## Exercise
The full set of lines below has to be duplicated exactly, with no picture kept.

(Exercise data Opens)

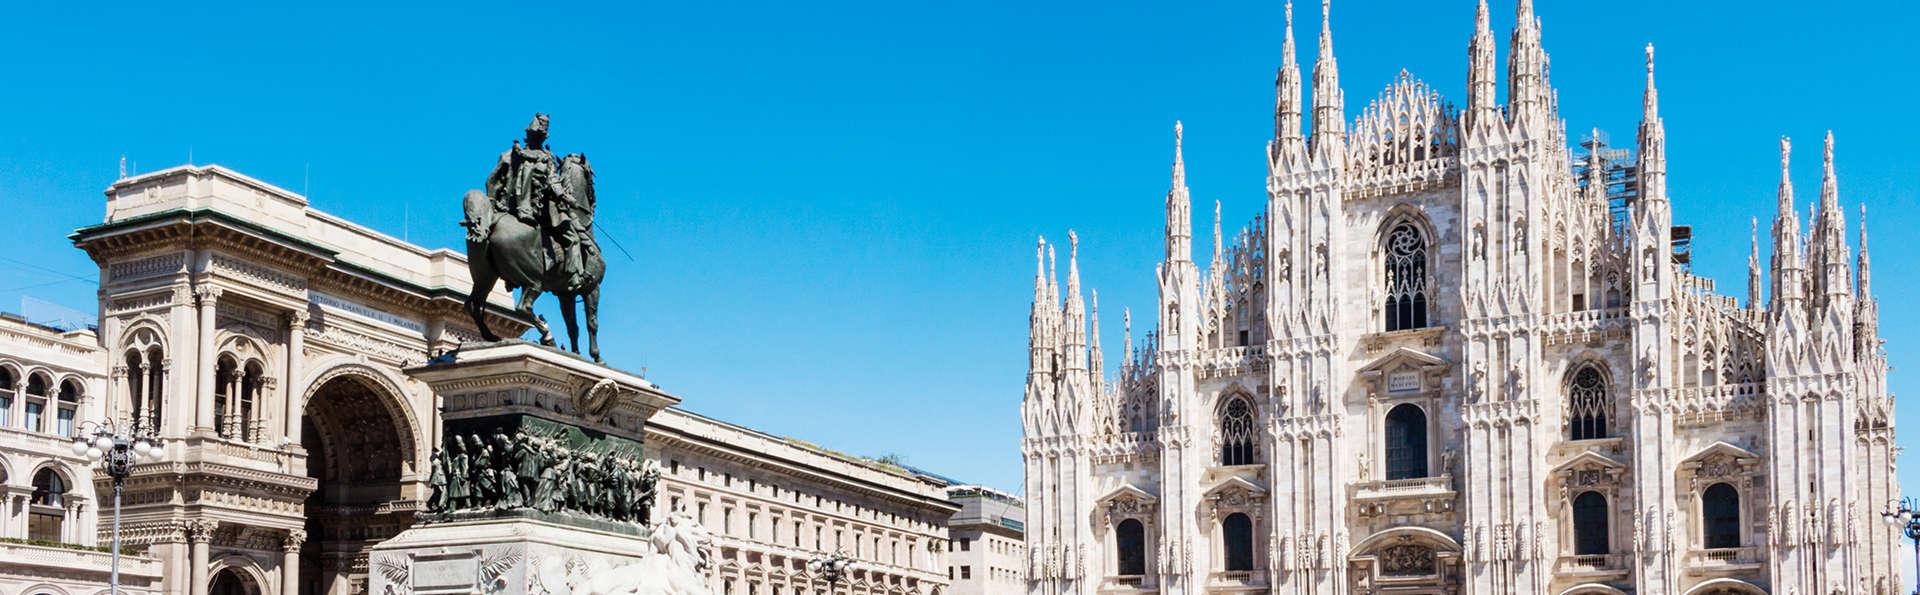 Style et élégance aux portes de Milan
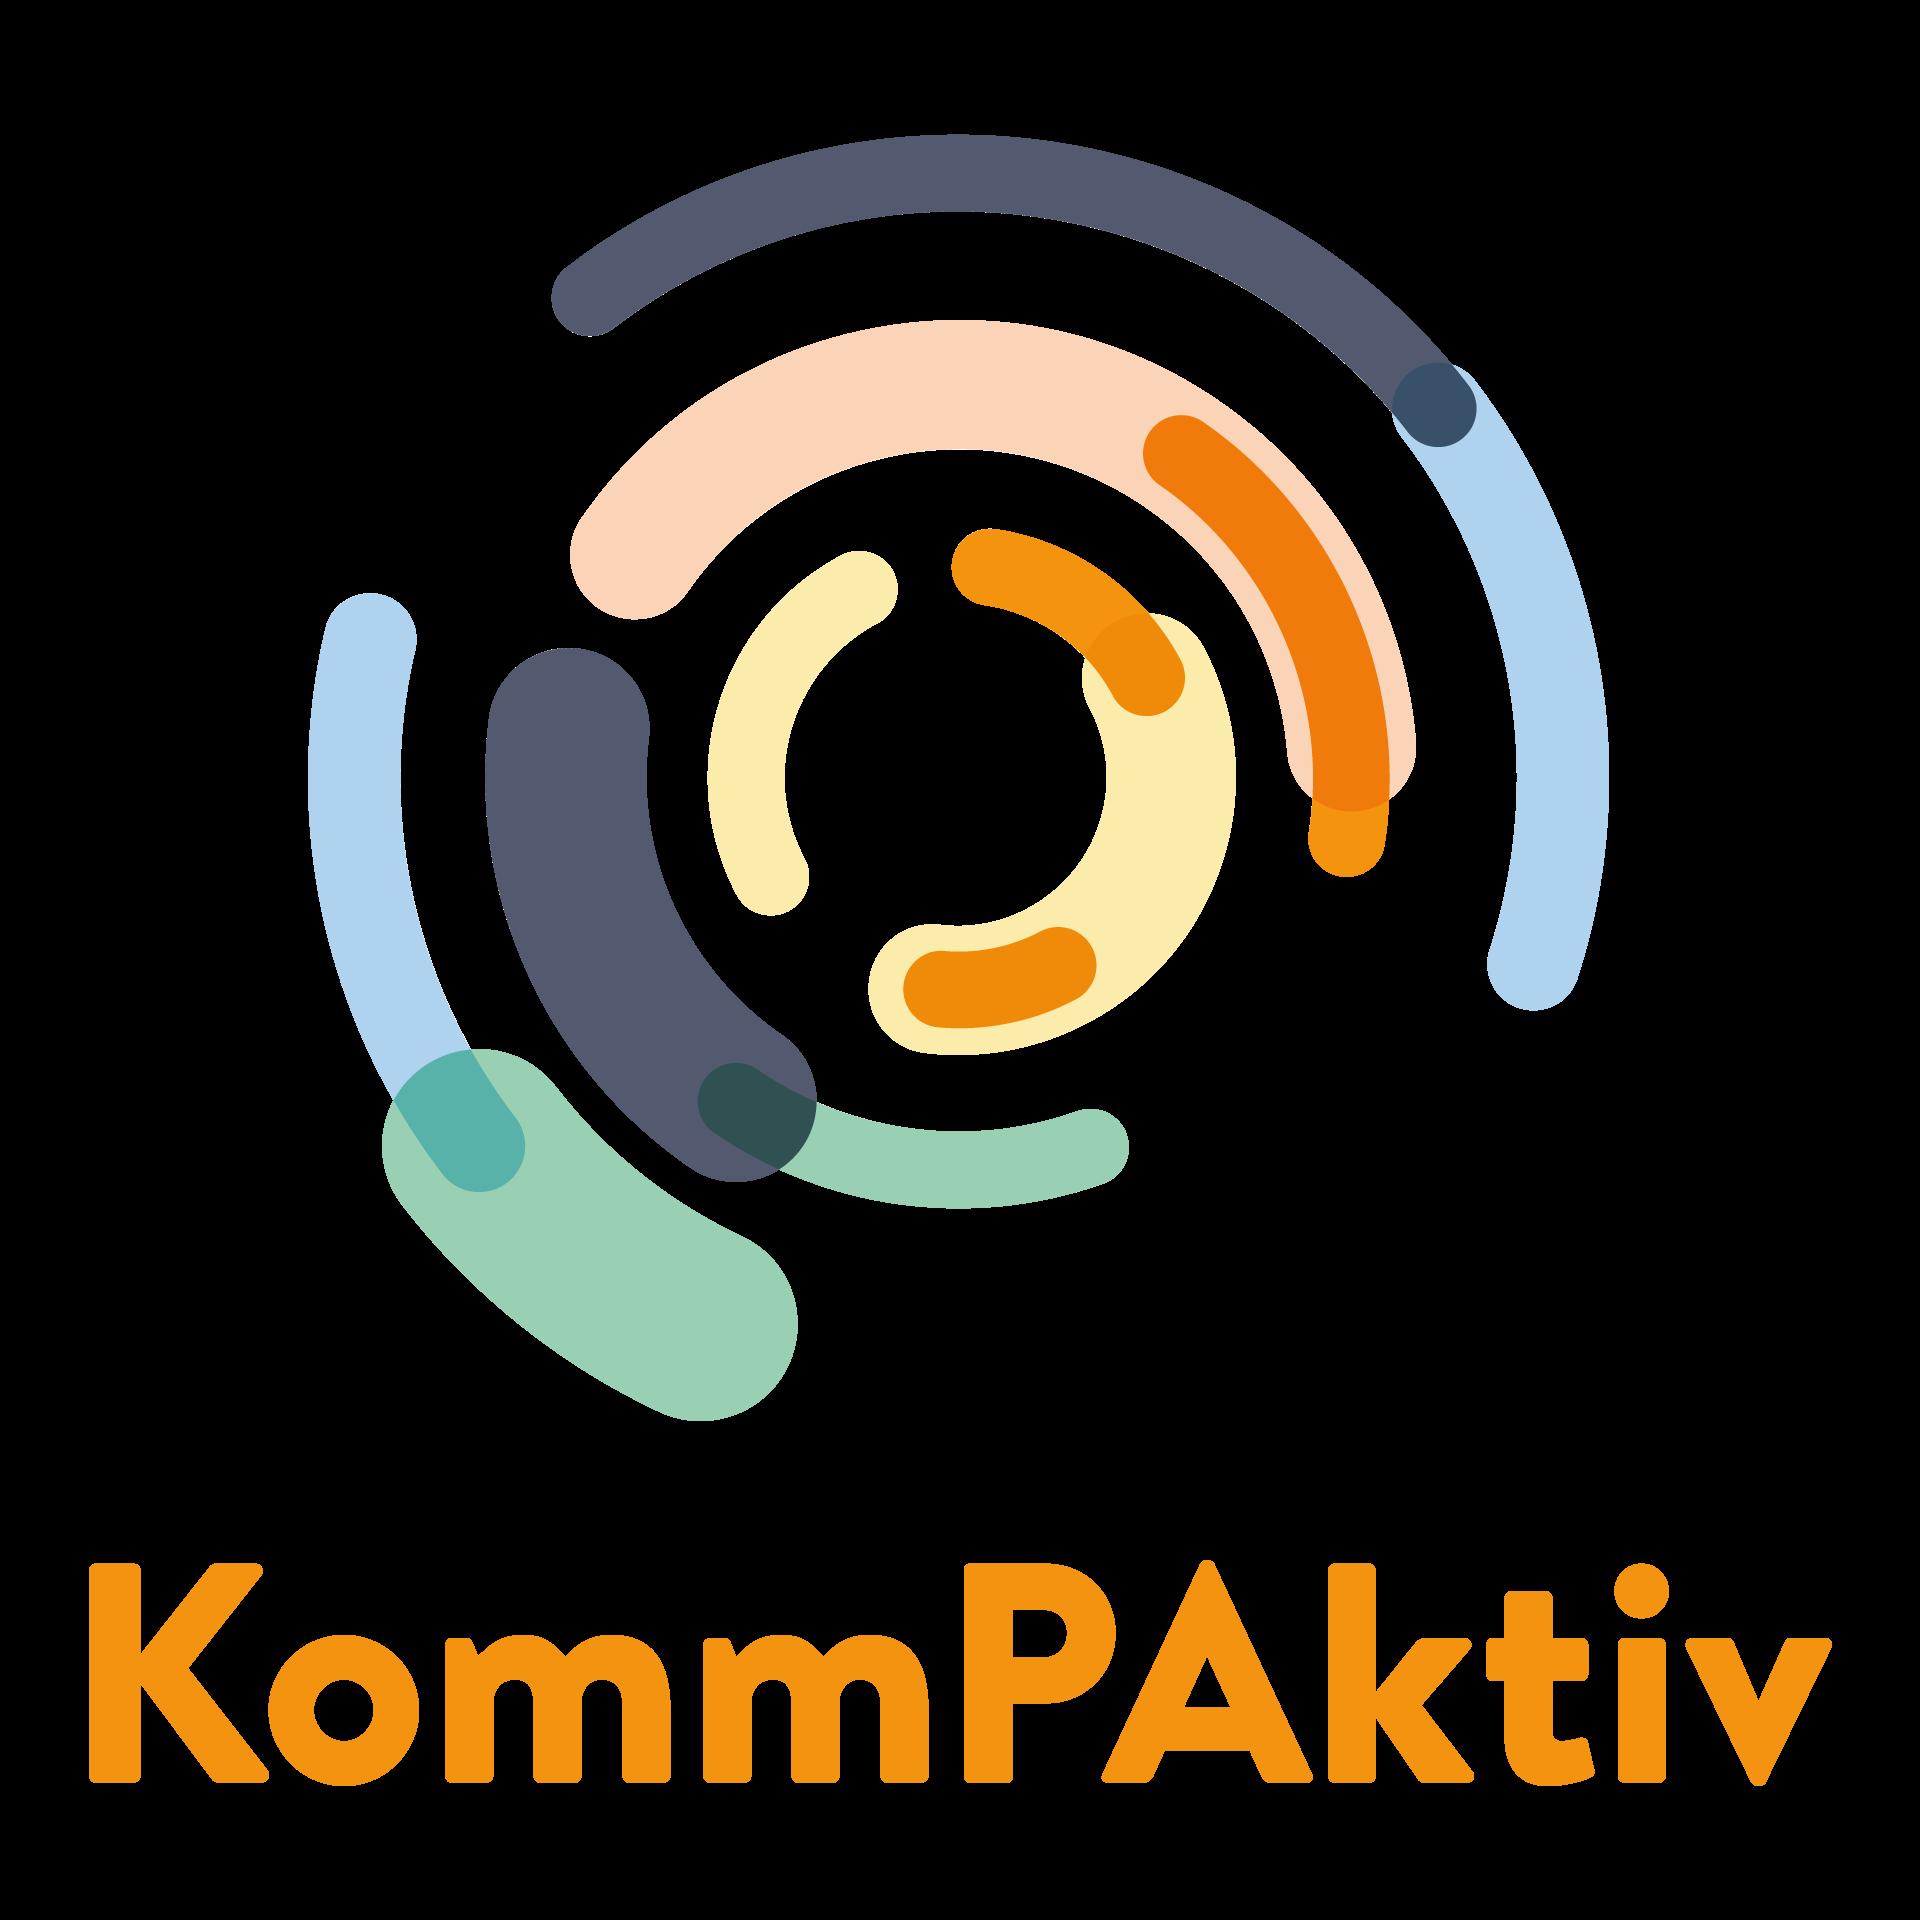 Logo KommPAktiv
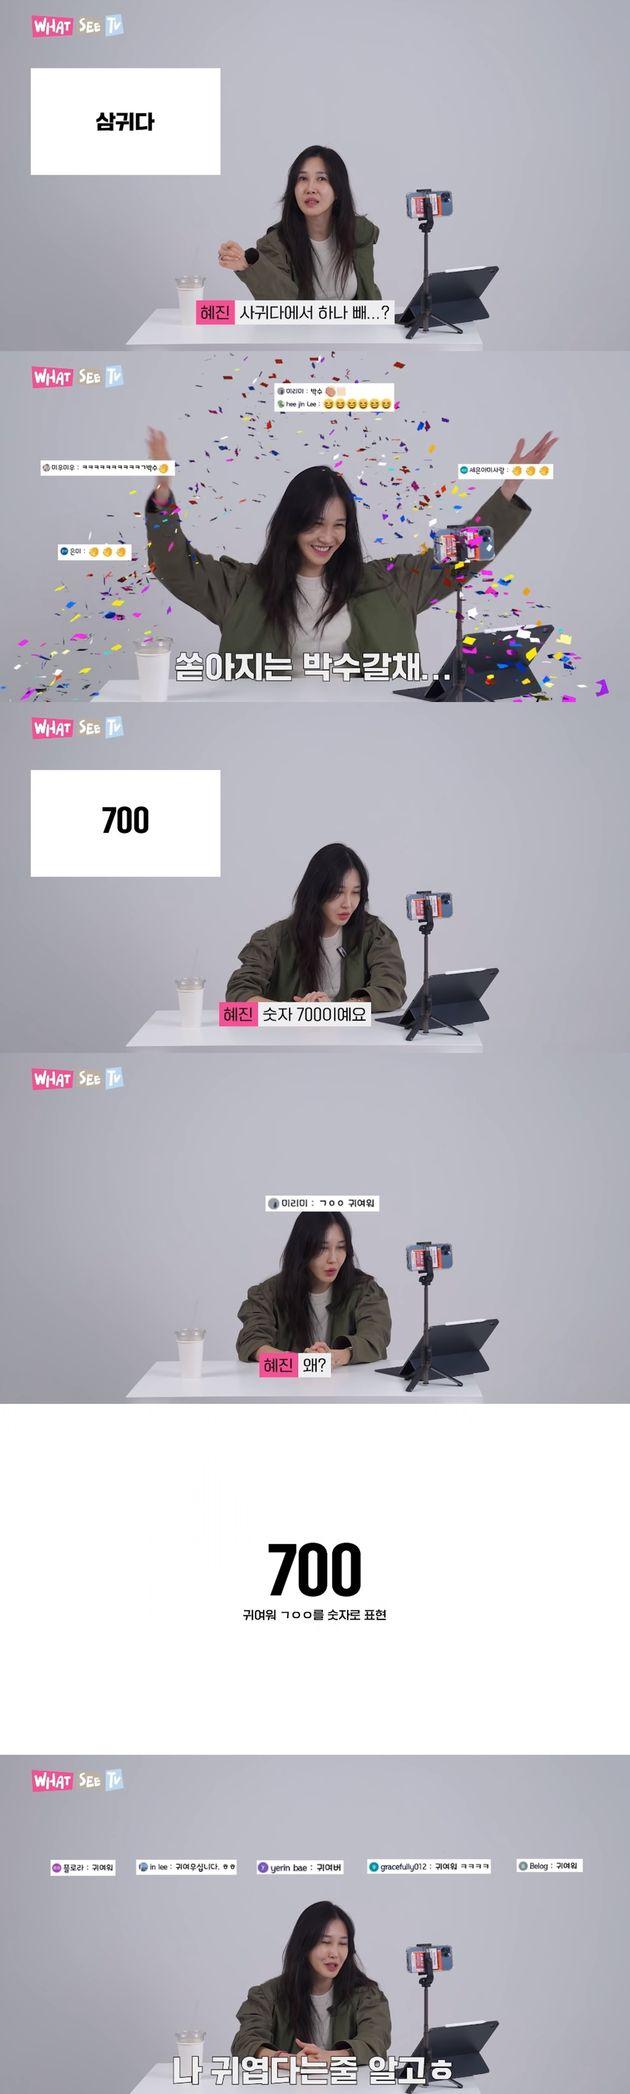 윤혜진 유튜브 영상

(Exercise data Closes)

## Result of this task
 Style et élégance aux portes de Milan
 Logo KommPAktiv
 윤혜진 유튜브 영상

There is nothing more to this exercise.